On Sunday morning, however, reality set in. As I sat down, while coffee was brewing before my regular Sunday morning preparation and went to log on to the laptop and check email, things were much worse. About half the keyboard would not function, meaning I could not log on to my laptop. Thankfully sermon and Sunday school materials were already printed out so it wasn't a complete loss. And thankfully today I called Jerry Green who suggested I plug an external keyboard into a USB port which I have done and accessed email and am writing this blog, along with backing up files.

On the other hand the only way to fix the fritzed keyboard is to send it off to Dell to be outfitted with a new one. That, of course will take 8-10 business days and in the meantime there is much to do. So your prayers are most welcome as I try to get by without my laptop for the next week and a half. It should be an interesting experiment and show me how dependent I have become on technology and my possessions, especially my laptop and internet access.

Friday, October 9, 2009

Mr. Mom Chronicles 21: A Much Quieter Day

After the highs of Wednesday and LOGOS Thursday brought a much quiter and reflective day. Eric got up and dressed while I packed his lunch and started our day. Thankfully Eric's day was another "green light" day, but other than that he didn't have a whole lot to say once he got home from school.

As for me I spent a good deal of time readying myself for tomorrow's worship committee meeting by looking through resources for Advent & Christmas Eve along with a surprise catalogue that came in the mail. When I first saw it I thought it was a joke; it is the "Spiritual Expressions: Worship Dancewear 2010" catalogue. In fact I did chuckle a little until I opened it and saw something that the worship committee has been talking about for some time. That is a two foot long "wand" to which streamers are attached. What you do with that then is put different color streamers on the end of the "wand" and wave it over the heads of worshippers during a processional. I saw something like it when my friend, the Bishop of Idaho Brian Thom was consecrated as Bishop: it was a stunning effect. Saw hopefully sometime soon the Presbyterians of Twin Falls will give this effect a try in worship.
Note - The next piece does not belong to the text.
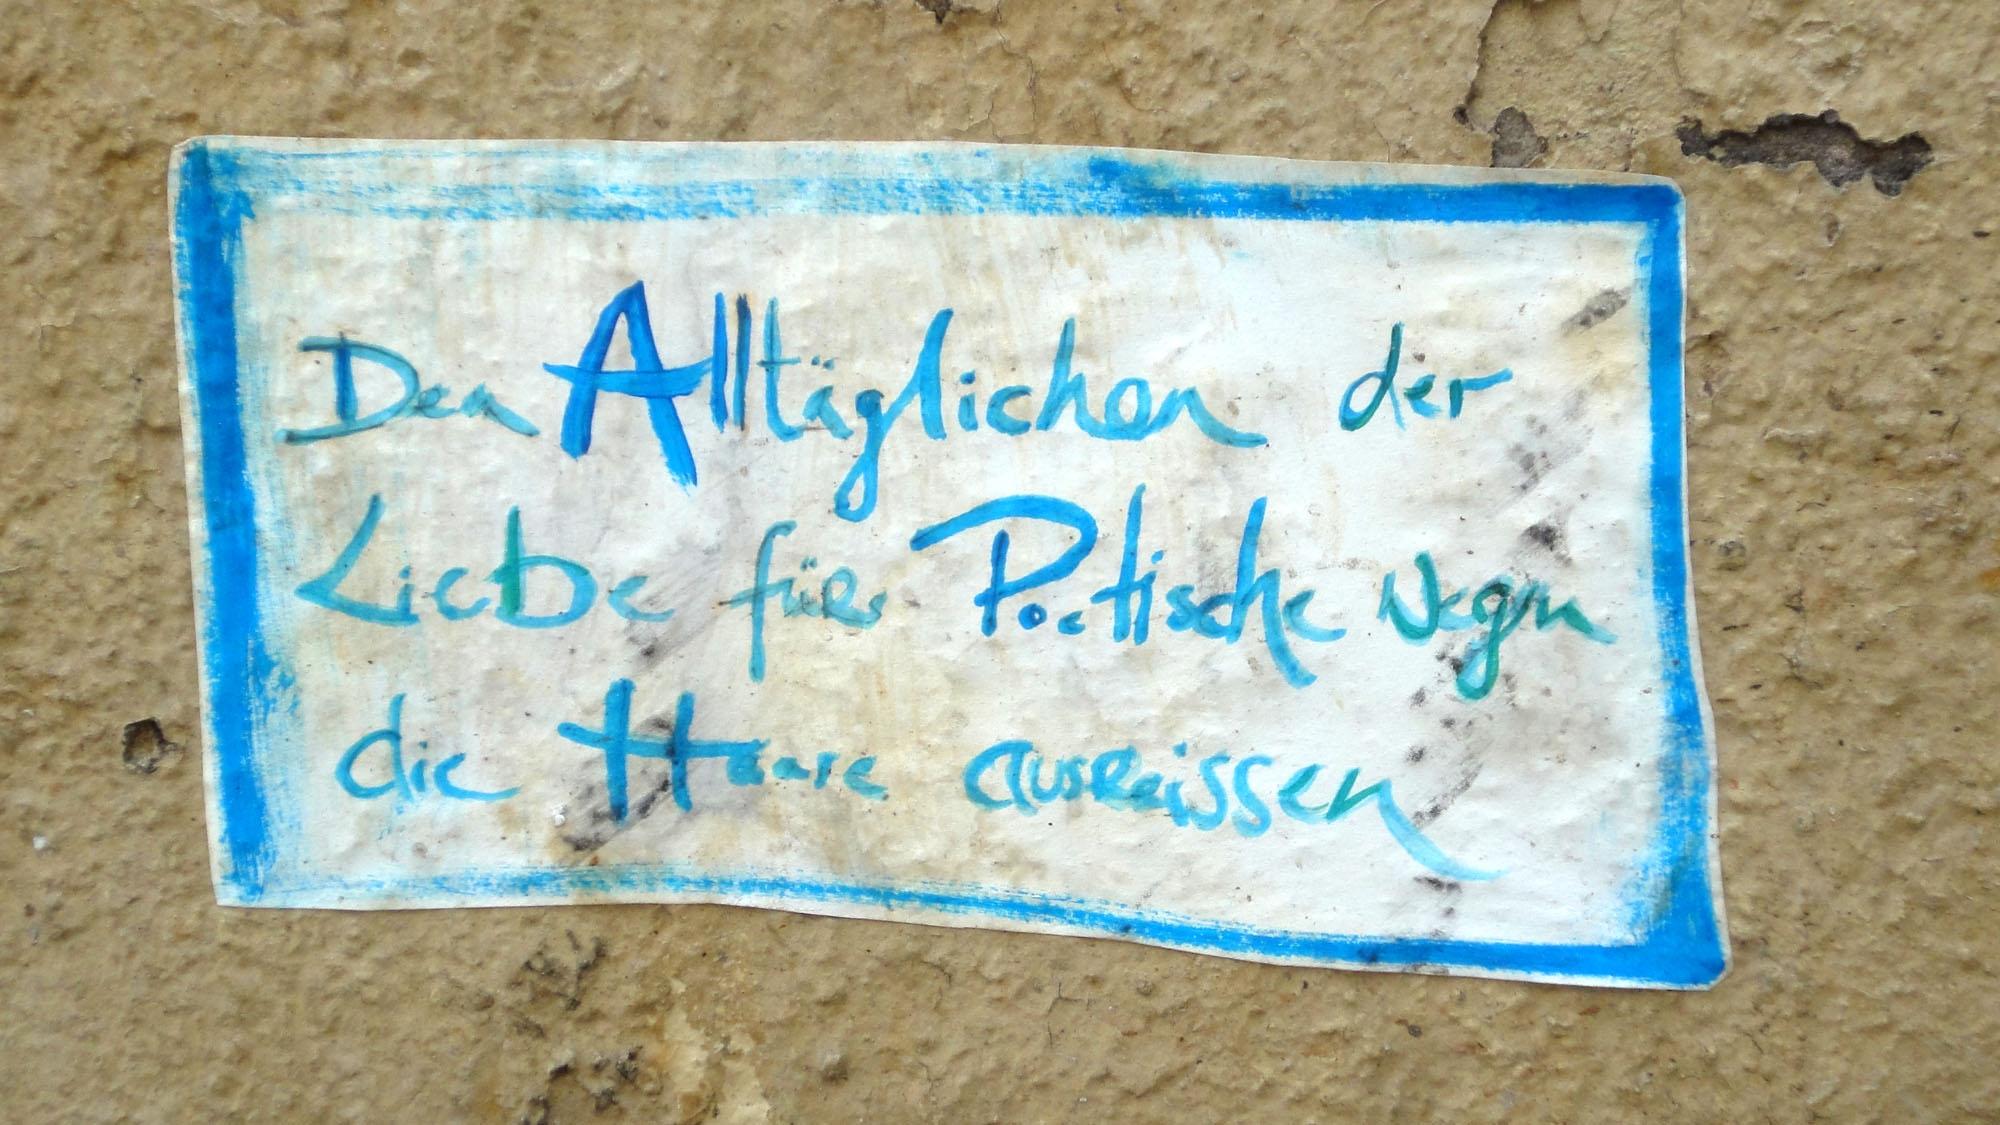 Alltag und Poetik, gesehen an der Sebnitzer Straße
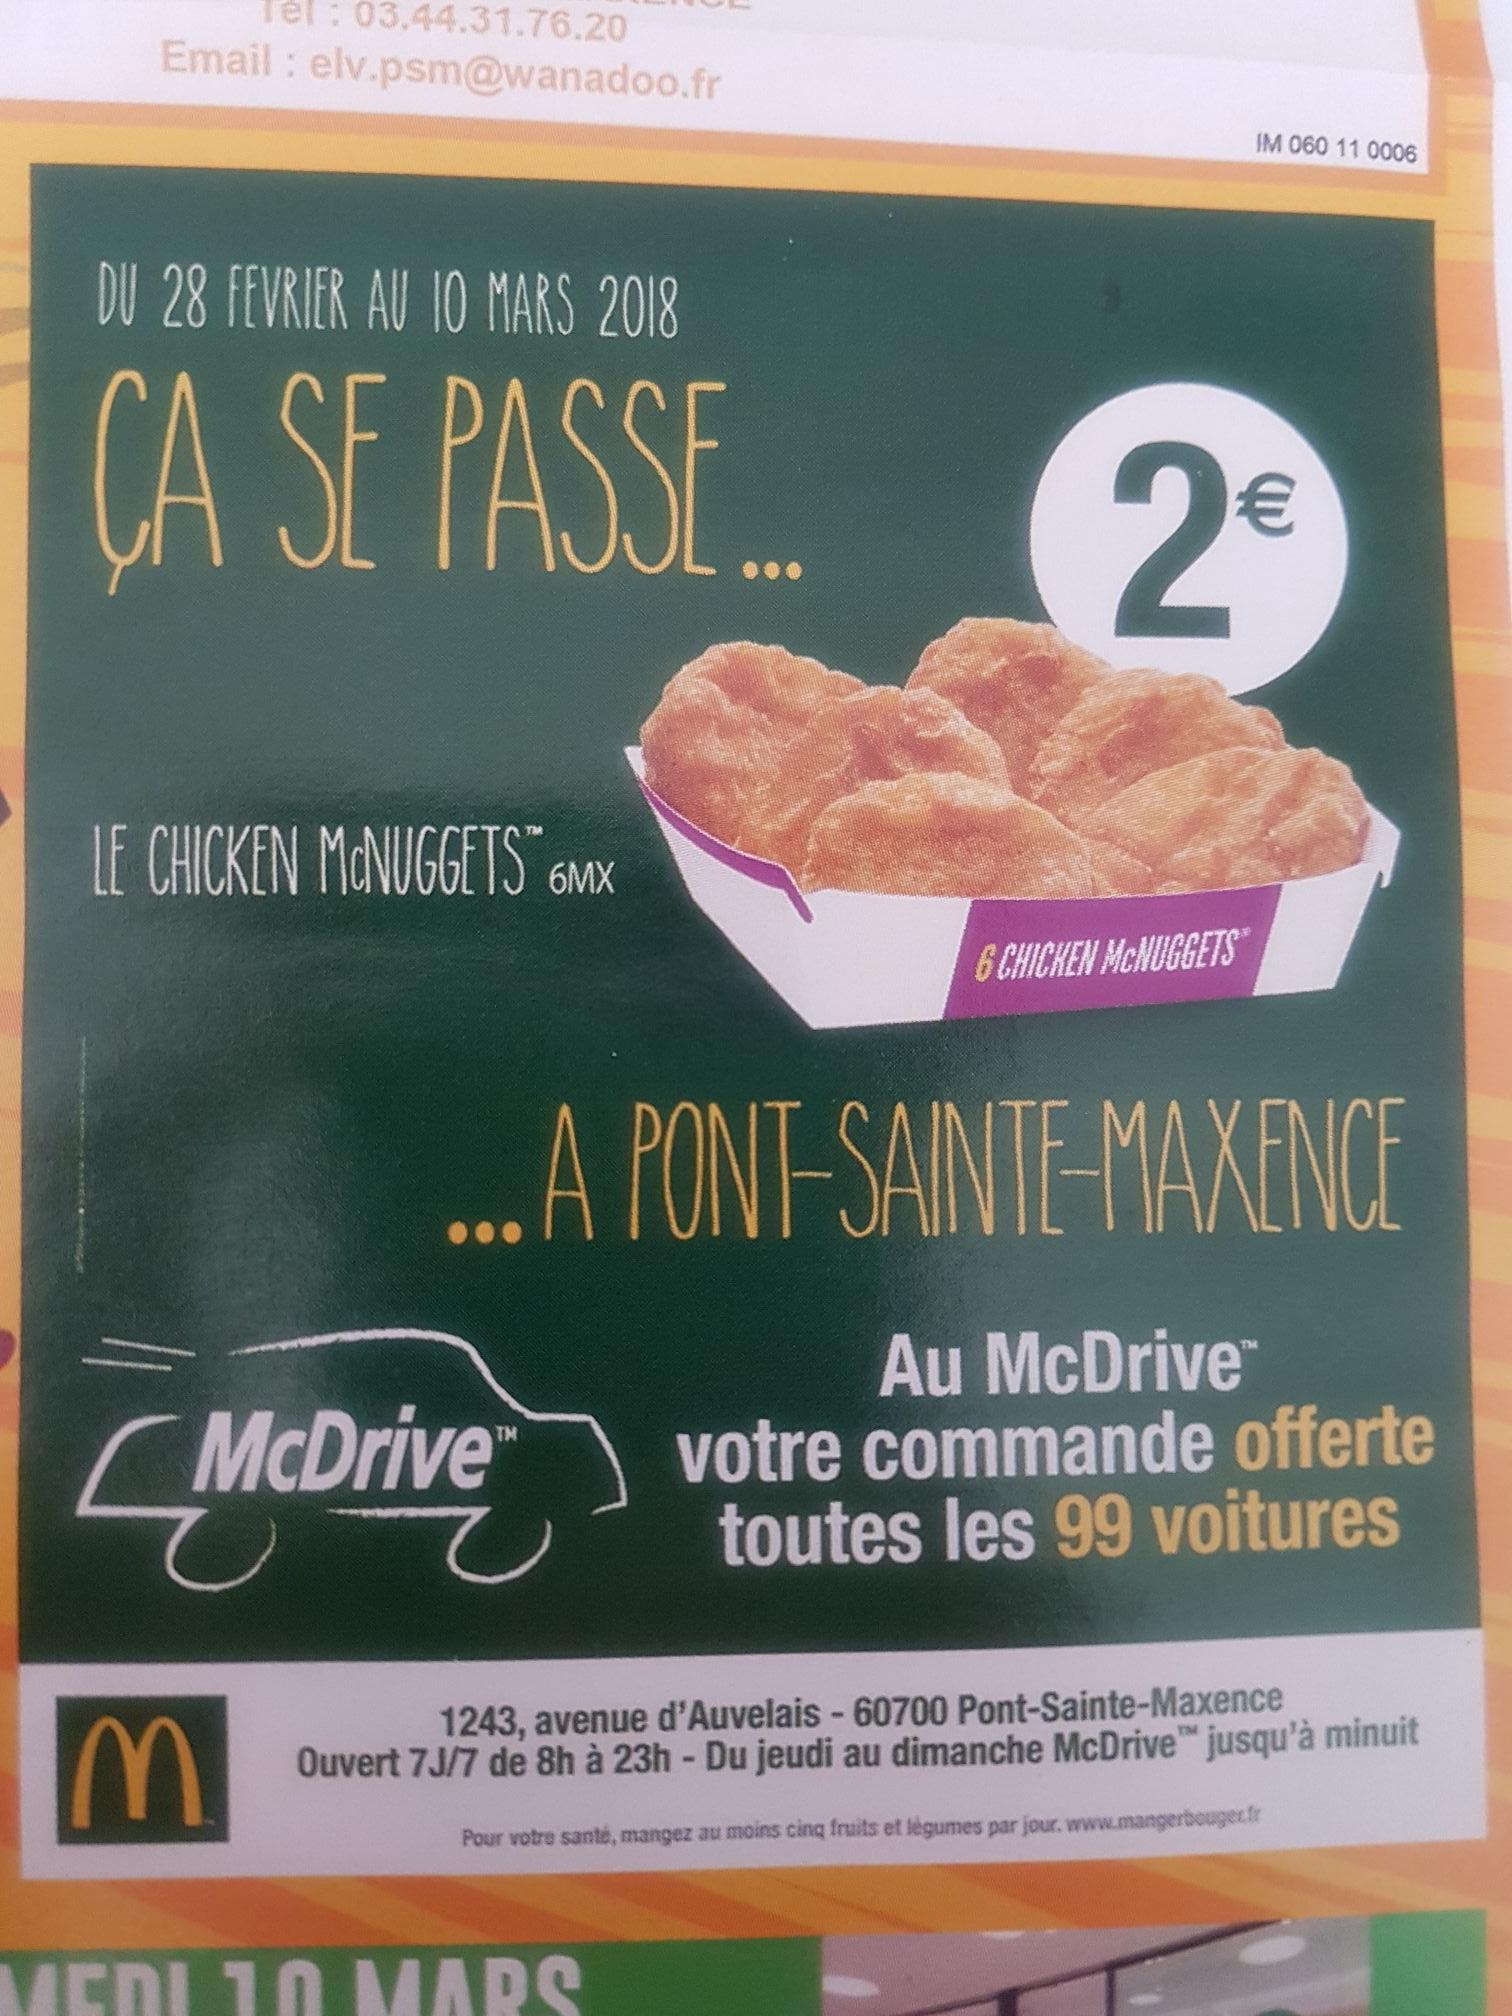 Boite de 6 chicken McNuggets à 2€ - Mcdonald's pont sainte maxence (60)

The balance of my day was taken up with working on the sermon as well as a pleasant morning visit with Stan Hoobing, the interim at Our Savior Lutheran Church here in Twin Falls. In the afternoon David Mead dropped in for a nice conversation for nearly an hour.

In the evening, after Eric got off the bus, he let me read a little while he unwound from school and then we throught the frozen dinners in the oven and played some Wii Sports. We watched survivor, read Harry Potter and headed off to sleep. All in all it was a really nice day, both as pastor and as parent.